Member of the Queensland Legislative Assembly for Drayton
- In office 27 Apr 1912 – 12 May 1923
- Preceded by: New seat
- Succeeded by: Seat abolished

Personal details
- Born: William Bebbington 19 October 1856 Baschurch, Salop, England
- Died: 31 July 1939 (aged 82) Toowoomba, Queensland, Australia
- Resting place: Drayton and Toowoomba Cemetery
- Party: Country Party (1920)
- Other political affiliations: Ministerial, Queensland Farmers' Union, National
- Spouse: Amelia Jones(m.1881 d.1903)
- Occupation: Cheese maker

= William Bebbington =

Australian politician (1856–1939)

William Bebbington (19 October 1856 – 31 July 1939) was a cheese maker and member of the Queensland Legislative Assembly.

==Biography==
Bebbington was born at Baschurch, Salop, England, to Thomas Bebbington and his wife Martha. He worked as a clerk for the Midland Railway before arriving in Australia and settling in Toowoomba. He started a cheese factory in the town and eventually became the President of the Queensland Cheese Manufacturers' Association.

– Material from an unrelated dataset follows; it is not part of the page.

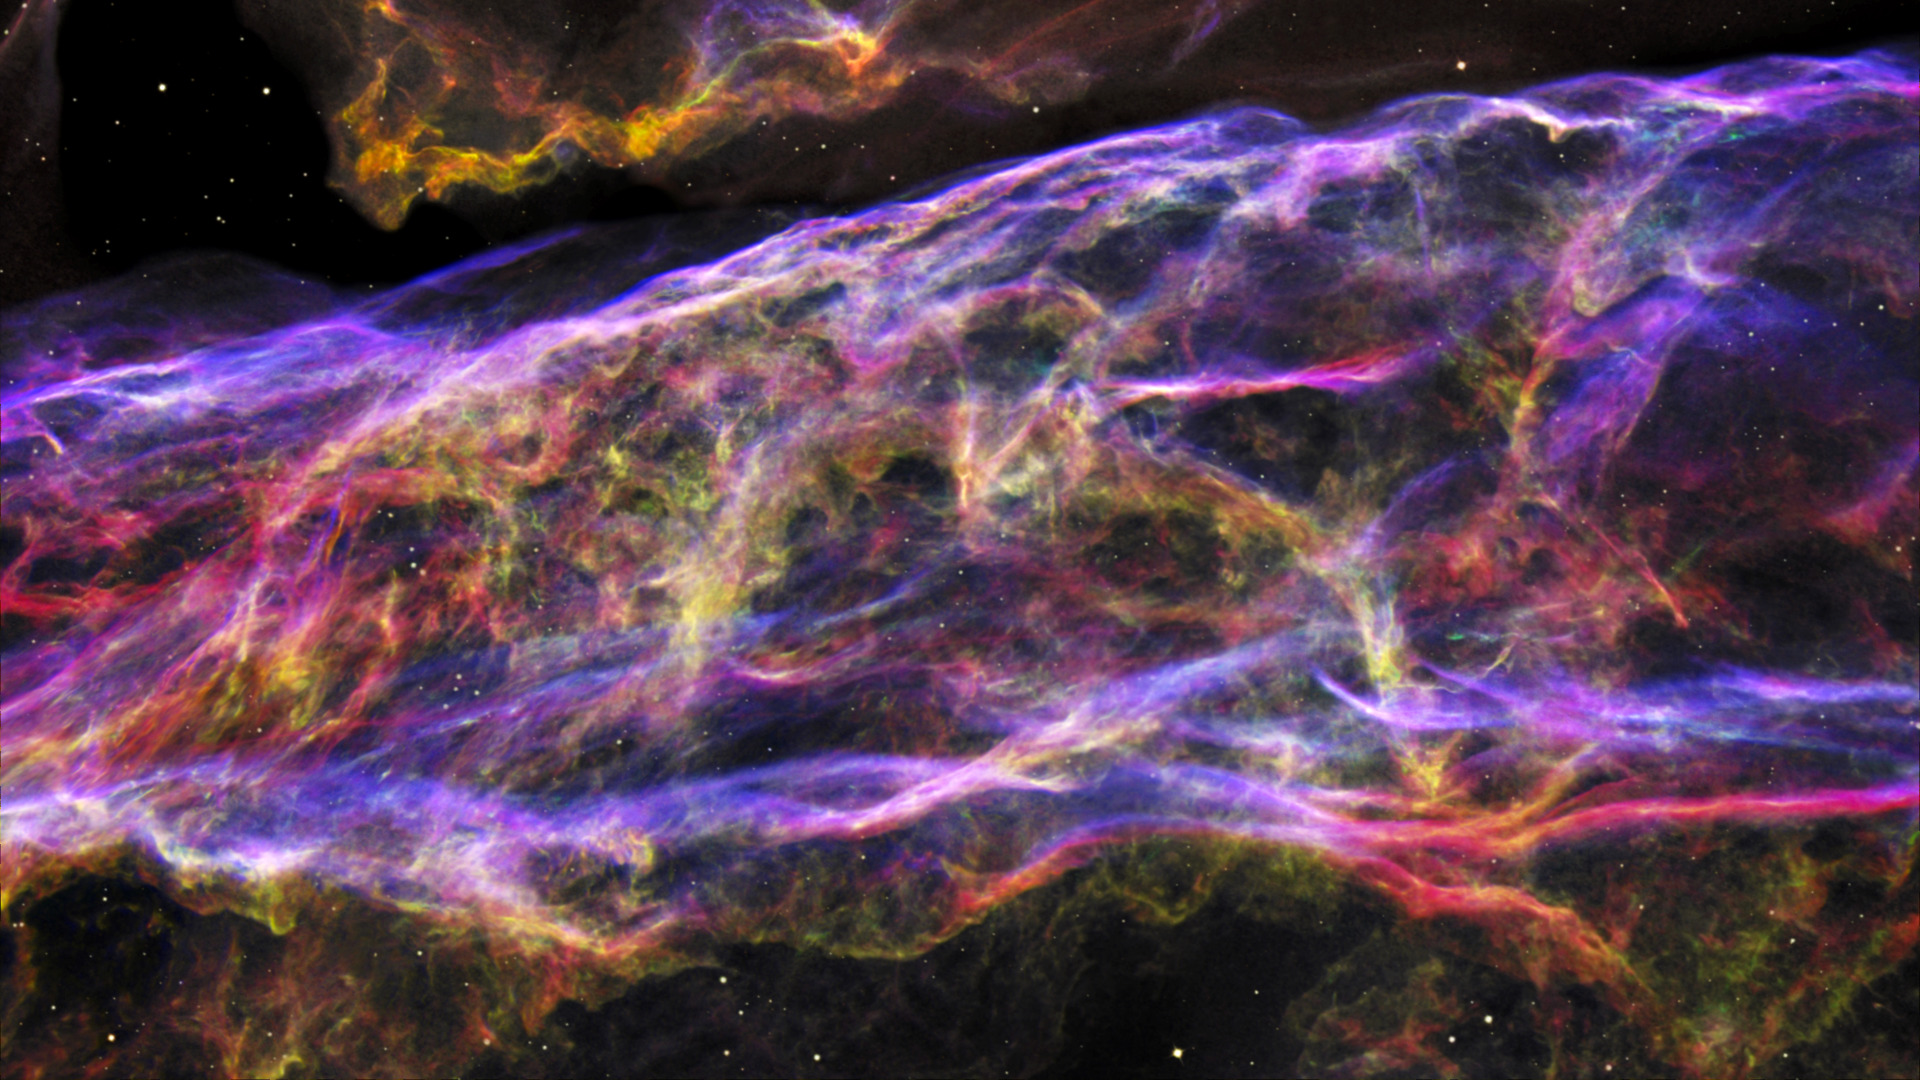 Visualization of a small region of the Veil Nebula, a supernova remnant

In 1881 he married Amelia Jones (died 1903) in Baschurch and together had two sons and three daughters. He died in July 1939 and was buried in the Drayton and Toowoomba Cemetery.

==Political career==
Bebbington was the member for Drayton in the Queensland Legislative Assembly from 1912 until 1923. During that time he represented the Ministerial Party, Farmers' Union, National Party, and an early version of what became the Country Party.